The Institute of Chartered Accountants in England and Wales (ICAEW) is a professional membership organisation that promotes, develops and supports chartered accountants and students around the world. As of July 2022, it has over 198,000 members and students in 147 countries. ICAEW was established by royal charter in 1880.

Overview
The institute is a member of the Consultative Committee of Accountancy Bodies (CCAB), formed in 1974 by the major accountancy professional bodies in the UK and Ireland.  The fragmented nature of the accountancy profession in the UK is in part due to the absence of any legal requirement for an accountant to be a member of one of the many Institutes, as the term accountant does not have legal protection.  However, a person must belong to ICAEW, ICAS or CAI to hold themselves out as a chartered accountant in the UK (although there are other chartered bodies of British qualified accountants whose members are likewise authorised to conduct restricted work such as auditing).

The institute is also a founder member of Chartered Accountants Worldwide (CAW), an international network of accountancy bodies which represents over 1.8 million members and students in more than 190 countries.

ICAEW has two offices in the United Kingdom; at their headquarters, Chartered Accountants' Hall in Moorgate, London and in Central Milton Keynes at the Hub:MK complex.

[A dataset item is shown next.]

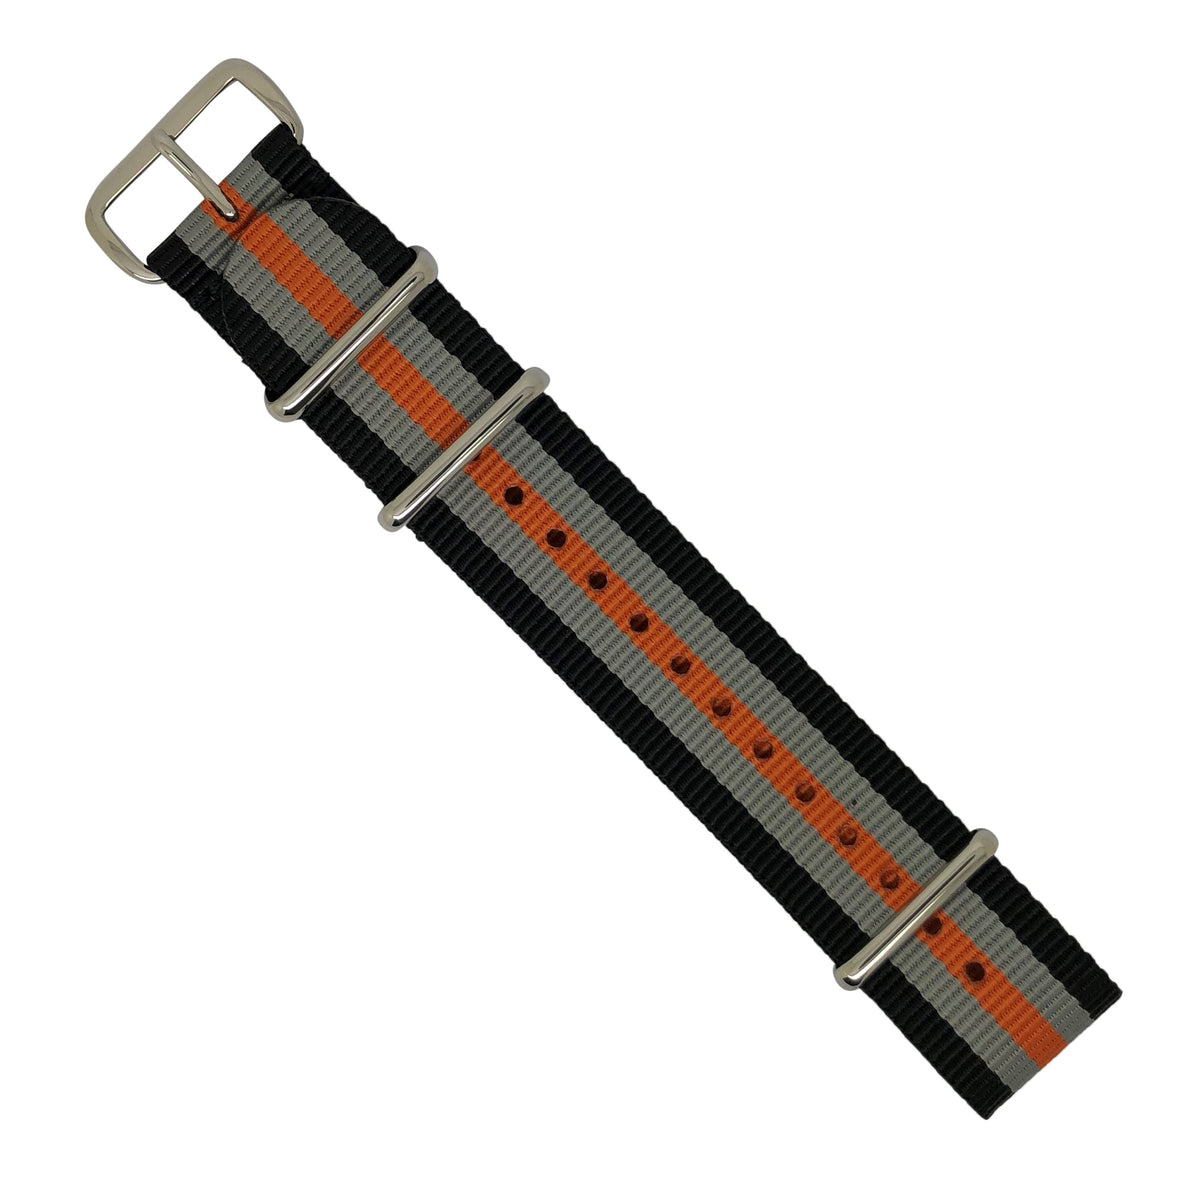 Premium Nato Strap in Black Grey Orange with Polished Silver Buckle (22mm) - Nomad watch Works

It also has offices in Belgium (Europe Region), China (Greater China Region), Hong Kong, Indonesia, Vietnam, Malaysia, Singapore and the United Arab Emirates (Middle East, Africa and South East Asia Region).

History
Until the mid-nineteenth century, the role of accountants in England and Wales was restricted to that of bookkeepers, in that accountants merely maintained records of what other business people had purchased and sold.  However, with the growth of the limited liability company and large scale manufacturing and logistic in Victorian Britain, a demand was created for more technically proficient accountants to deal with the increasing complexity of accounting transactions dealing with depreciation of assets, inventory valuation and the Companies legislation being introduced.

To improve their status and combat criticism of low standards, accountants in the cities of Britain formed professional bodies. ICAEW was formed from the five of these associations that existed in England prior to its establishment by royal charter in May 1880.

 The Incorporated Society of Liverpool Accountants, formed in January 1870;
 The Institute of Accountants in London was formed in November 1870, comprising 37 members under the leadership of William Quilter.  In 1871, standards for membership were established with new members having to show knowledge and aptitude through successfully passing an oral examination. Initially the London Institute restricted its membership to that city, but as other institutes were established elsewhere (for example, in Manchester and Sheffield) it was decided to remove this restriction and as such in 1872 it simply became known as the Institute of Accountants to reflect its new national coverage;
 The Manchester Institute of Accountants, formed in February 1871;
 The Society of Accountants in England (1872);
 The Sheffield Institute of Accountants (1877).

In 1920, following the Sex Disqualification (Removal) Act 1919, the organisation admitted Mary Harris Smith, who became the first woman chartered accountant in the world.

The headquarters of the institute, Chartered Accountants' Hall, in the City of London, which was designed in the Italian Renaissance style by John Belcher and built by Colls & Sons, was completed in 1892. It is widely regarded as one of the finest examples of Victorian Baroque architecture. Sir William Whitfield designed the 1964–70 extension and new entrance.

In 1948, the institute received a Supplemental Charter. In 1957, ICAEW merged with the Society of Incorporated Accountants (founded in 1885 as the Society of Incorporated Accountants and Auditors).

In 2019, as part of their celebration of 100 years of women being able to work as Chartered Accountants, ICAEW published a booklet on 100 years of women in Chartered Accountancy and launched a campaign to collect the stories of women members in chartered accountancy. In 2020, ICAEW announced the commissioning of a blue plaque in honour their first female member Mary Harris Smith.

Membership and qualifications
In order to become an ICAEW Chartered Accountant, it is necessary to achieve the ACA qualification.

ACA qualification
The ACA comprises four core elements that must be successfully completed. These are; professional development; ethics and professional scepticism; accountancy, finance and business modules; and practical work experience.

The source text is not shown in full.